Author : J.Loseth, Staff Writer

It was good money. Everyone said so, on the newscasts and the Internet, repeating the slogan from the billboards: Everyone’s Rich in the Colonies. Drake had read over the contract, and the money was indeed good. The wealth in the colonies was so abundant that the contract even included a subsidy for his house, and it was a real house, not a cramped pod or even a flat. Drake had seen pictures. It looked like something out of a storybook. “I’ll get to see real grass,” he’d told Delilah, but still she frowned. It was good money, he reminded her. How many people in their neighborhood could boast that kind of salary? None, that’s how many.

His parents had been relieved. All their relatives congratulated him for passing the screening. Drake was proud of that; he’d been lucky to miss out on the genes for anything debilitating, and though he’d only barely squeaked by the vision test, he still had the green light. Not many could say that nowadays. “It means there aren’t any diseases,” he explained to Delilah, but she rolled her eyes. “It just means you aren’t bringing any diseases to them,” she told him primly. “There’s nothing in there about the type of diseases they might give you.” Drake had to admit she had a point, but it was good money, so he let it slide.

For four months Drake sold off his possessions, slowly liquidating his old life to make way for the new. He couldn’t take more than two bags, after all, and he’d need the startup cash. Delilah recognized the necessity and even scraped up enough to buy a few items from him. He didn’t tell her how much he appreciated it, but he was sure that she knew. It was just like her to know. As the departure approached, though, tensions rose. They fought more. Sometimes Delilah would stalk out at the end of the night without saying a thing, and sometimes she’d fix Drake with a look of reproach that was worse than words.
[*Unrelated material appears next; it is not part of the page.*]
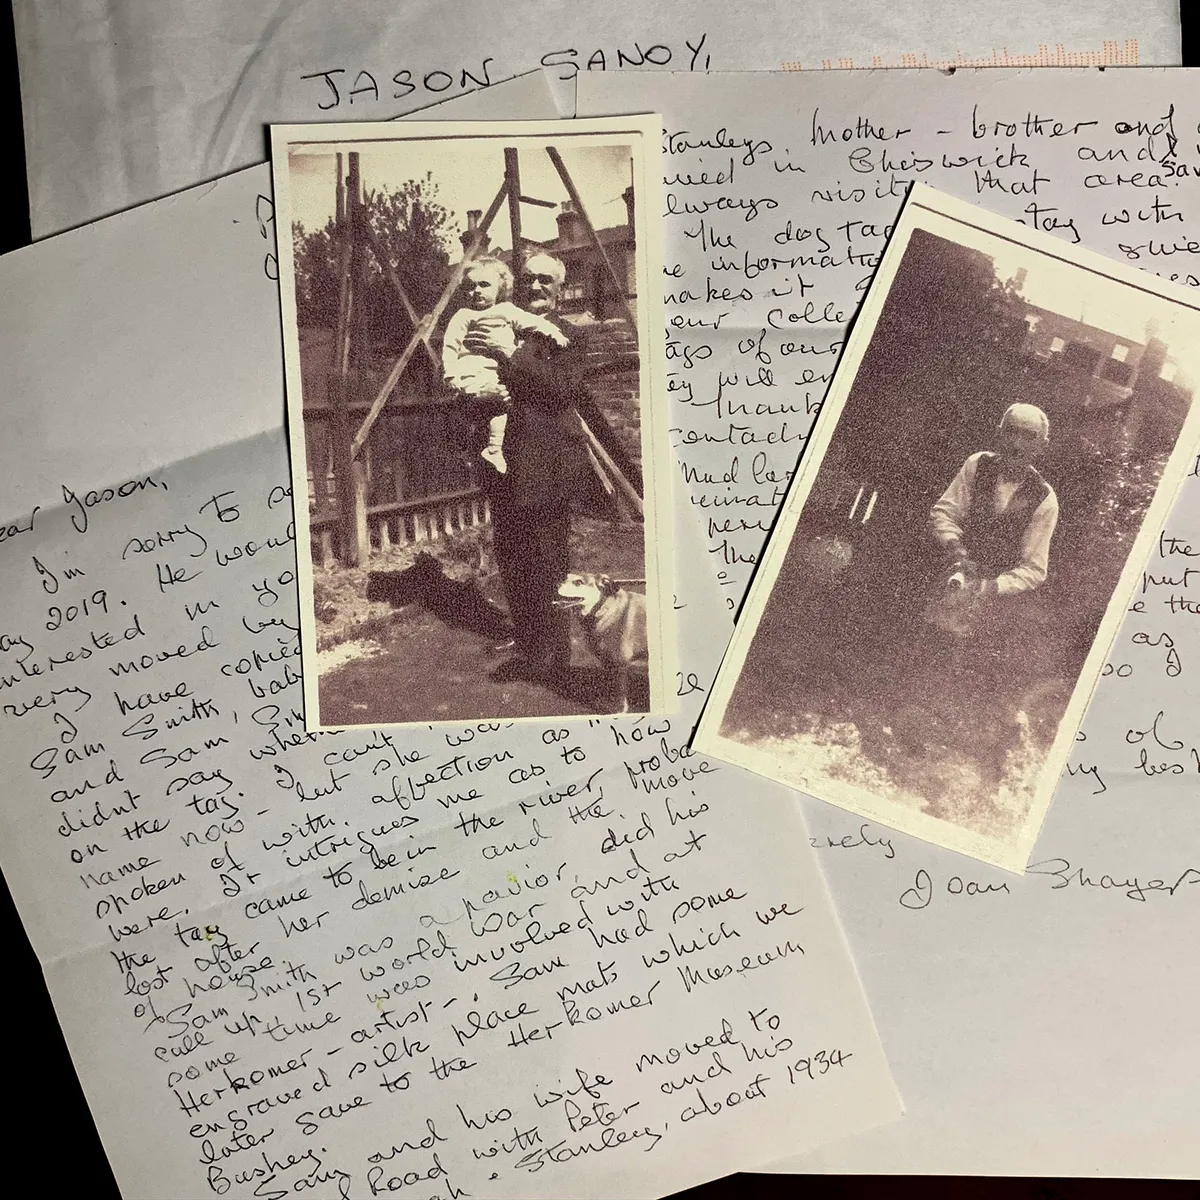 The letter from Joan Shayers, with an old photograph of Samuel Smith, Peter Shayers and the dog

It made it hard to pack, but he thought of the money and was resolute. “You could have applied too,” he reminded her once during one of their bitter fights. “Then we’d both be going. They even let couples live in the same place.” He hadn’t gotten a response to that, just the slam of the door in his face. She’d always come back the next day, though, so Drake shoved the fights under the rug and always let her in.
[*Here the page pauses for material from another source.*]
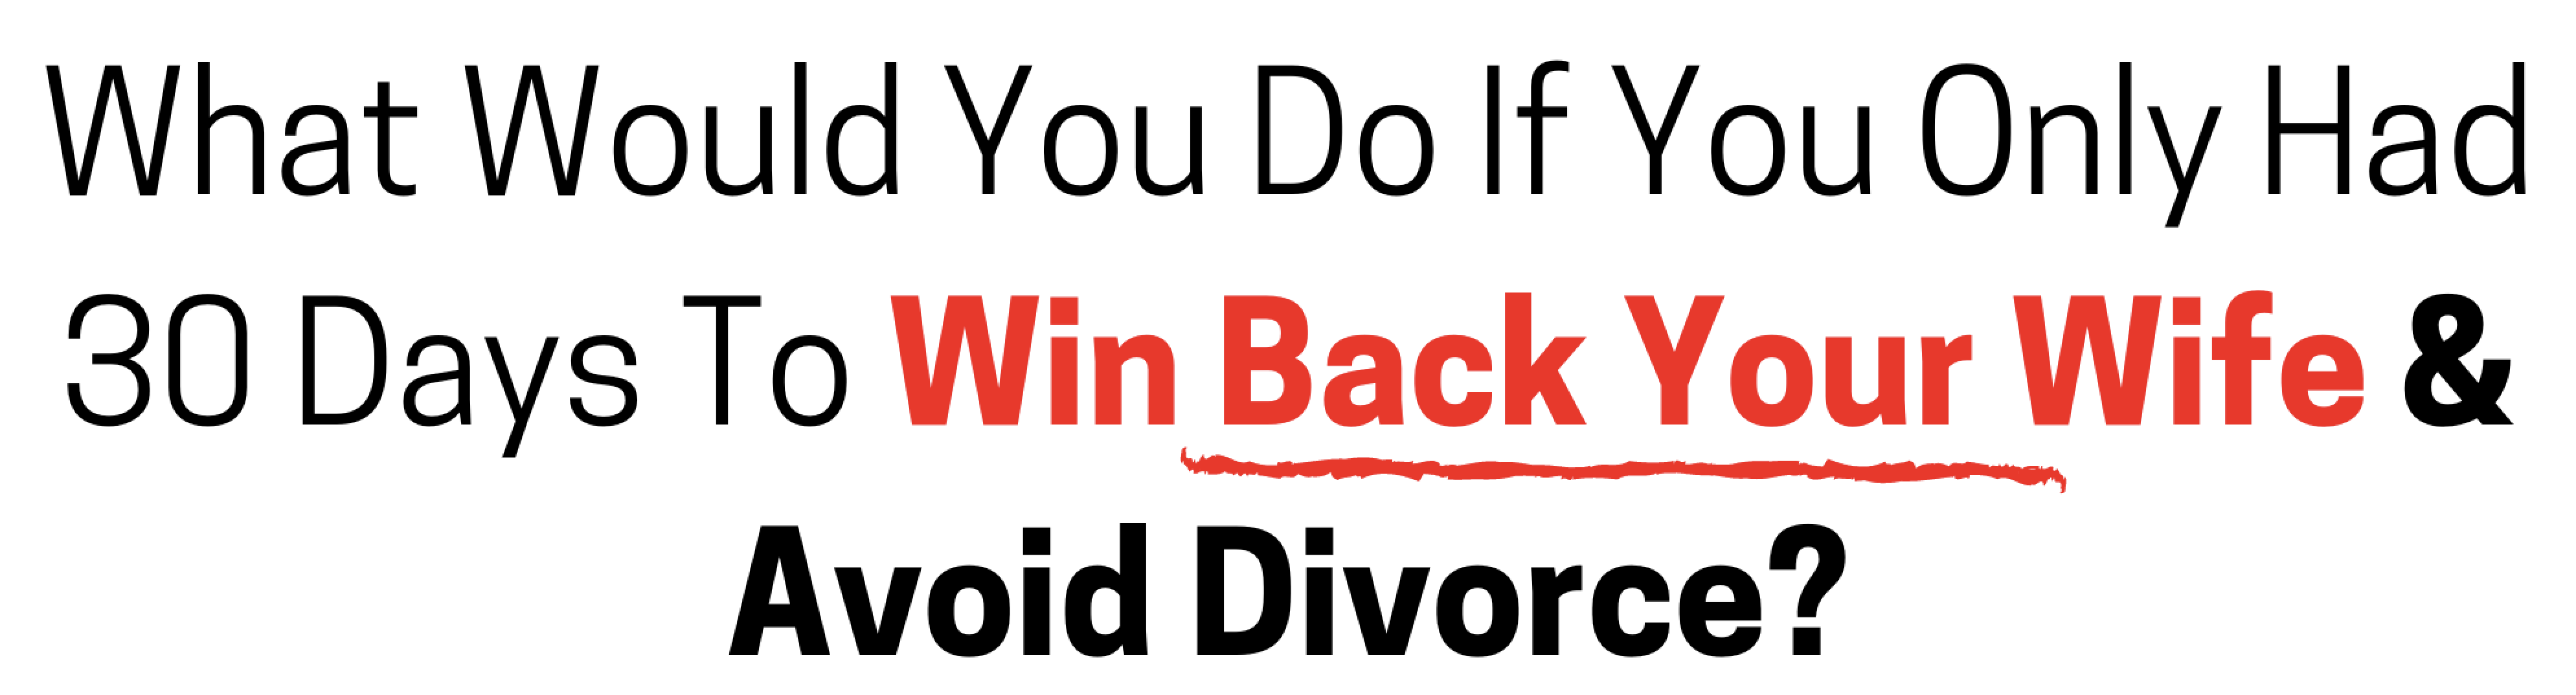 win back your wife

“Will you visit?” she asked. The question made Drake uncomfortable. “I’ll write,” he promised, holding her hands on the landing pad, eyes on their interlocked fingers. “It’s a long trip, Del, and they don’t pay for that much vacation time. A message can get here in just a few hours. It’ll be fine.” Delilah didn’t seem to like that, but she nodded anyway. The conductor called for all aboard, and Drake began to extricate his hands, but Delilah gripped them suddenly and leaned forward to whisper in his ear. “When your two years are up, I’ll be finished. I’ll be done with school and we can start a life together. We can find a place when you get back.”

Drake felt his throat closing up. He squeezed her hands by way of answer, then slowly let go, heading up to the stasis pod door. It was the only facility of its kind, the only method for suspending human life well enough to protect the travelers on their journey through sub-space. The colonies might be rich, but they could never muster enough technological minds to build and maintain such a thing. Delilah didn’t, couldn’t know, but the money was good, so Drake didn’t tell her. He watched through the porthole until the pod filled with gas and knew she would never forgive him.